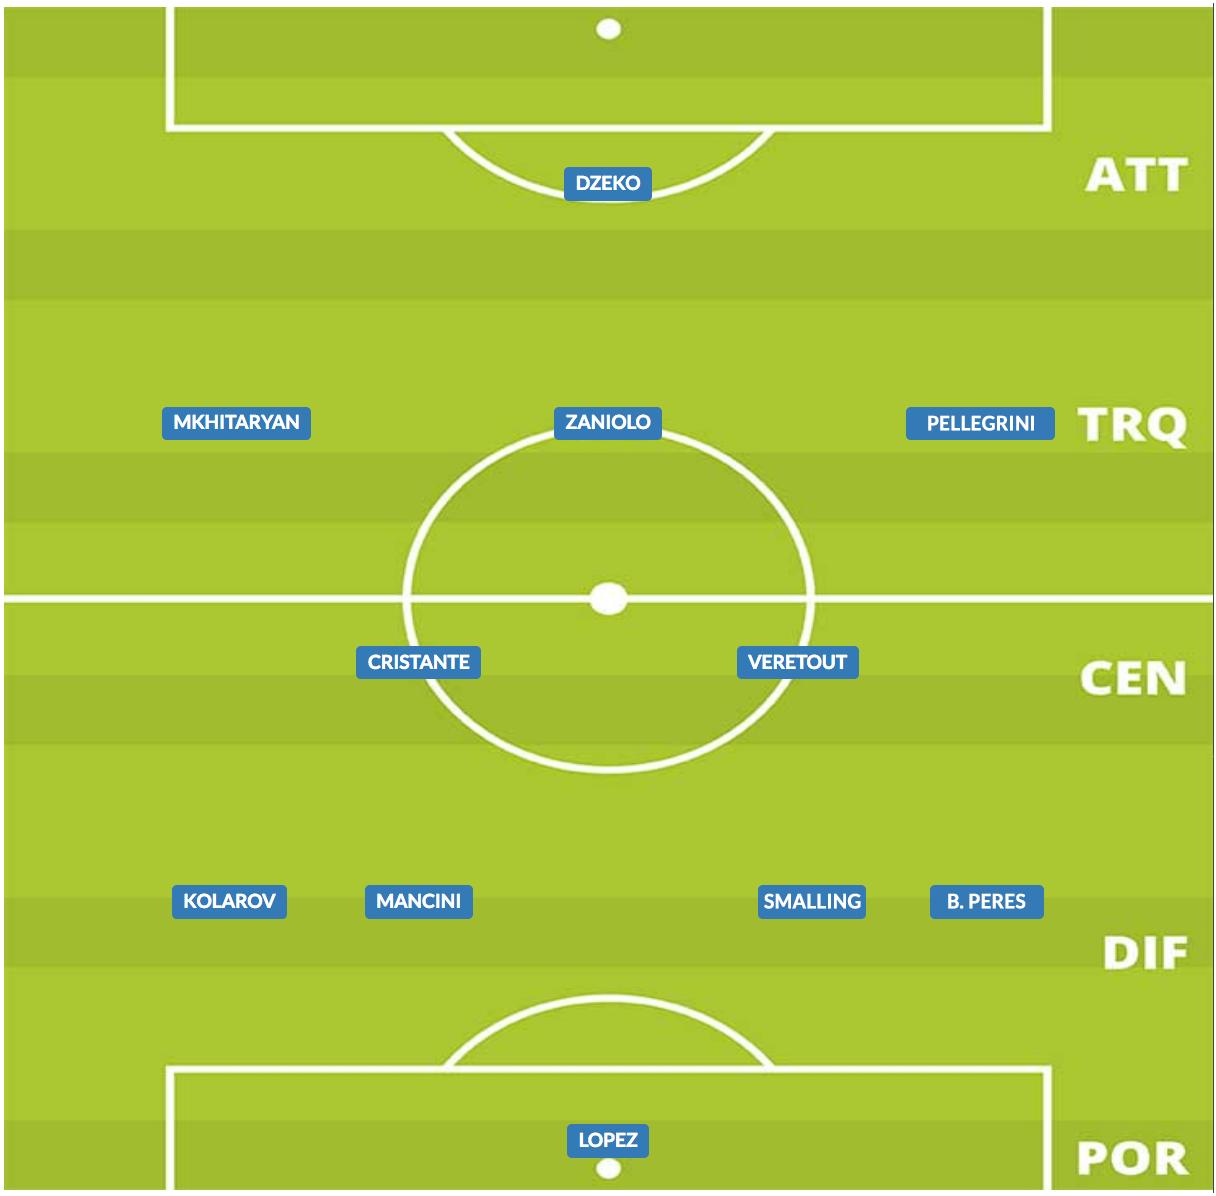 probabile formazione roma 2019/20
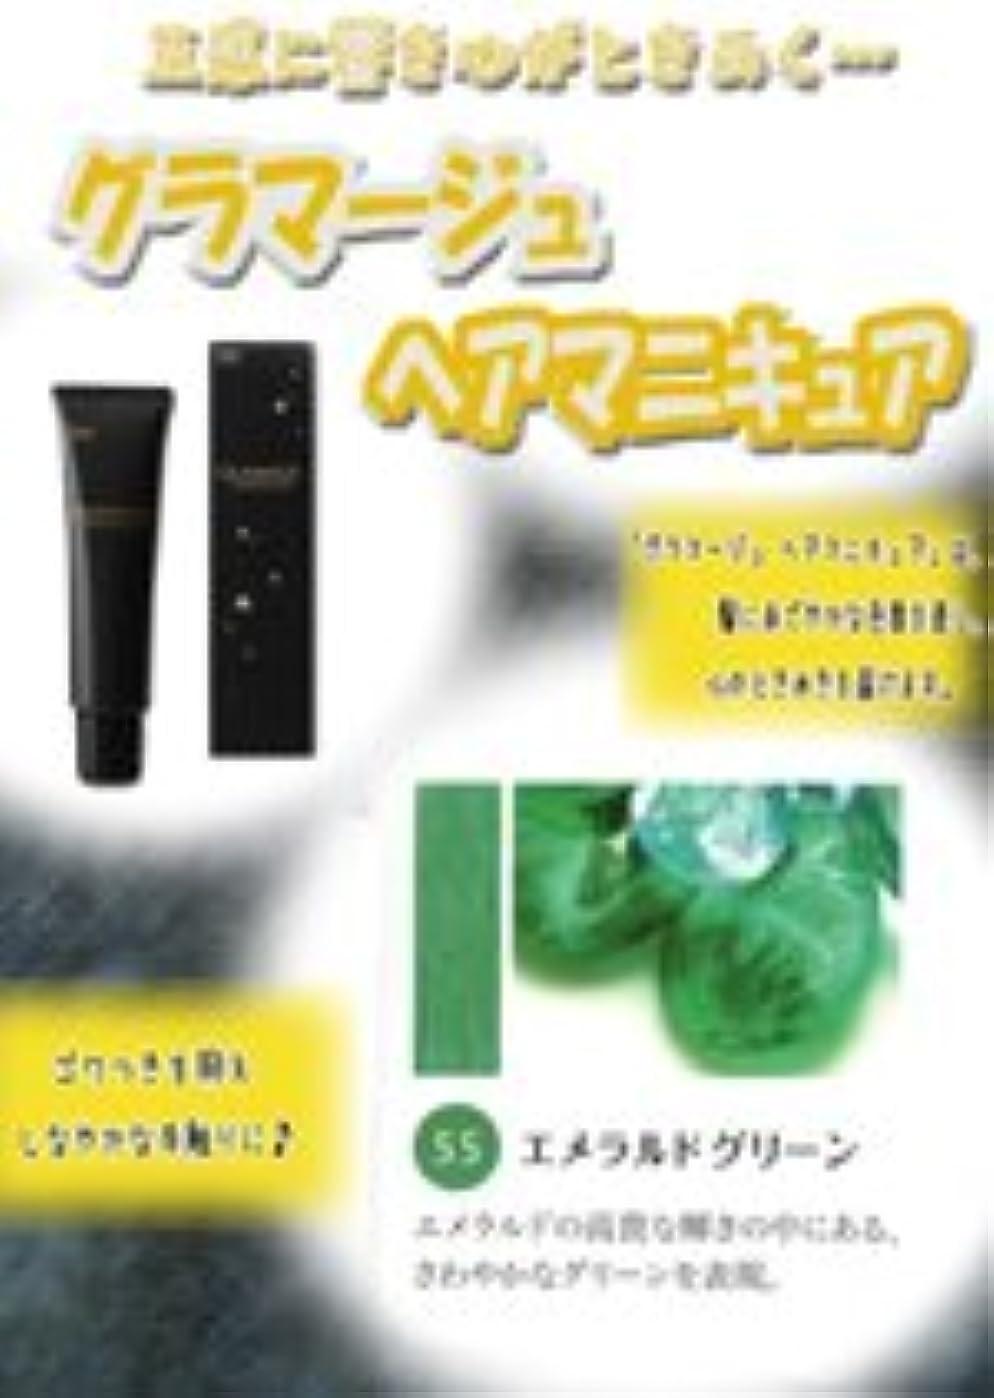 HOYU ホーユー グラマージュ ヘアマニキュア 55 エメラルドグリーン 150g 【ビビッド系】
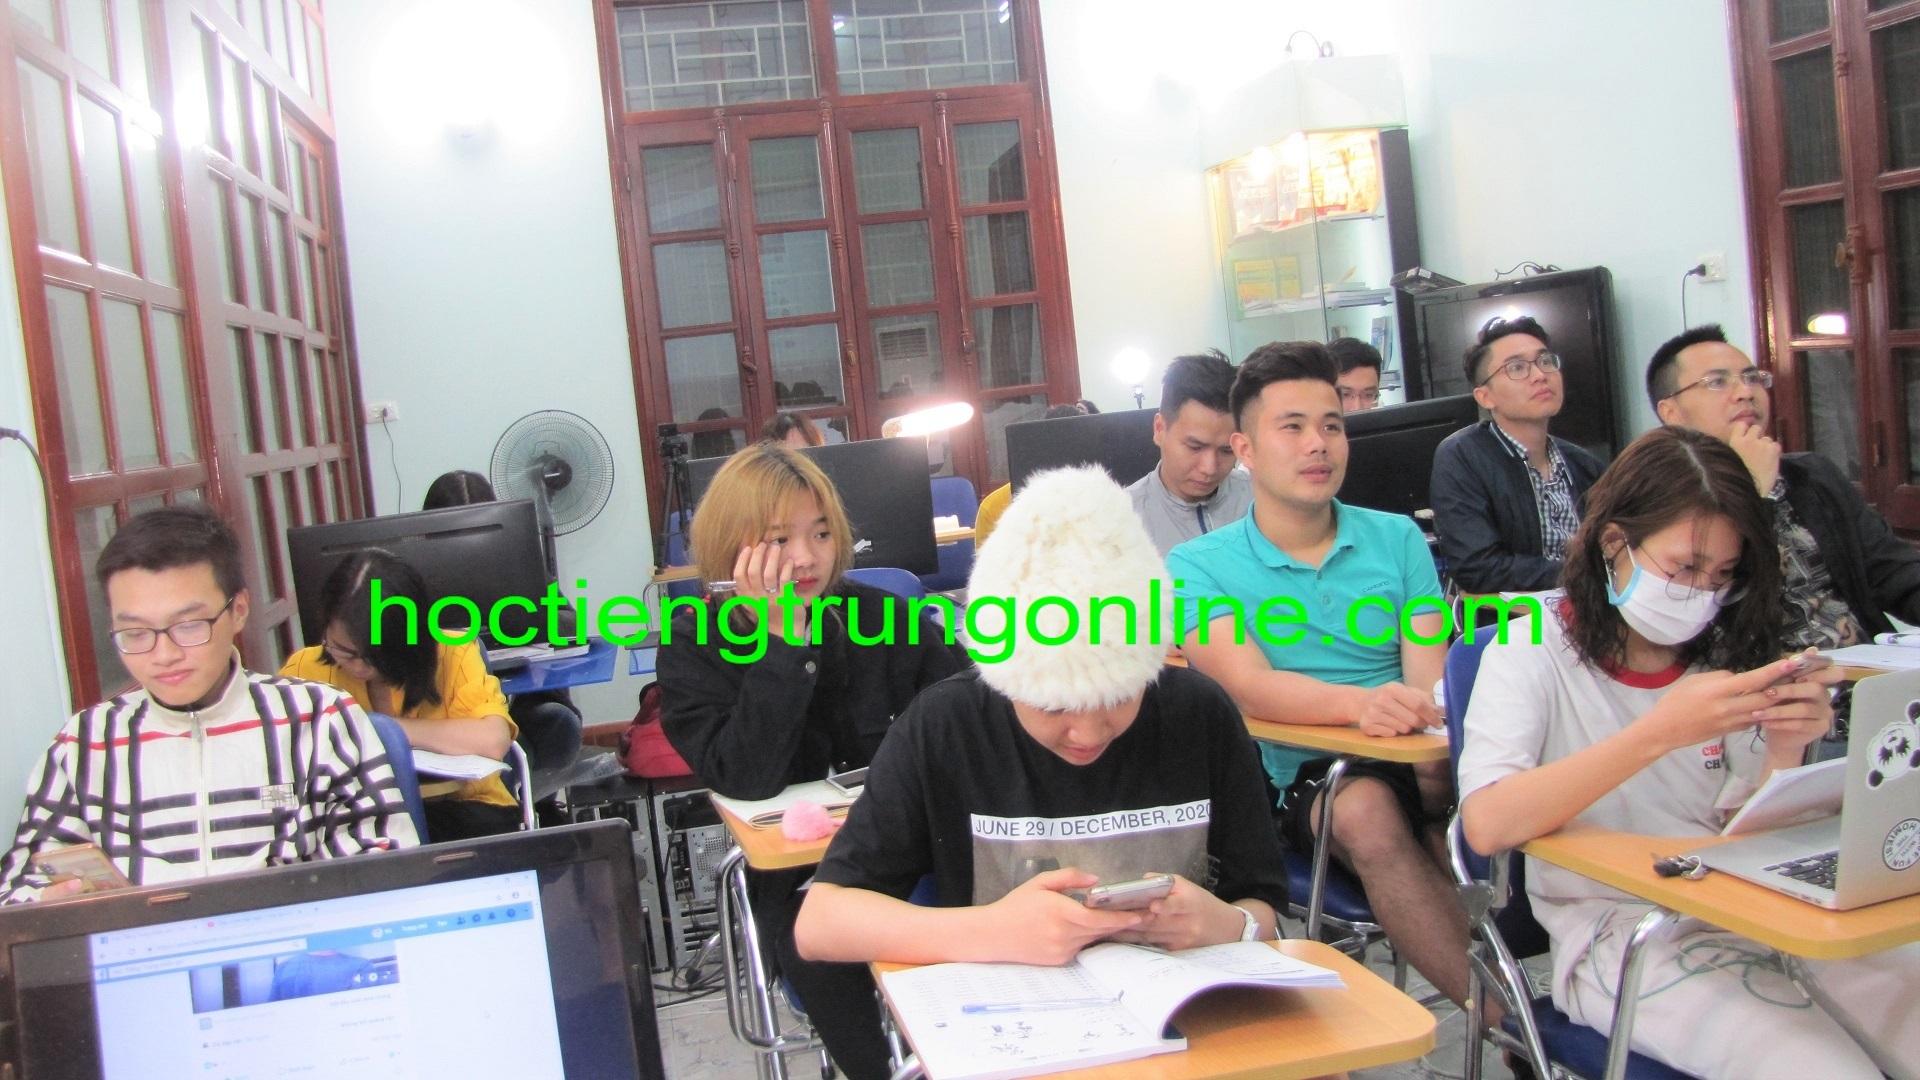 Học tiếng Trung online Thầy Vũ Trung tâm tiếng Trung ChineMaster 12

▸ **What you will do**:
Omit the pictures, then give all the lines above again exactly.

▸ **Task answer**:
 probabile formazione roma 2019/20
 HOYU ホーユー グラマージュ ヘアマニキュア 55 エメラルドグリーン 150g 【ビビッド系】
 Học tiếng Trung online Thầy Vũ Trung tâm tiếng Trung ChineMaster 12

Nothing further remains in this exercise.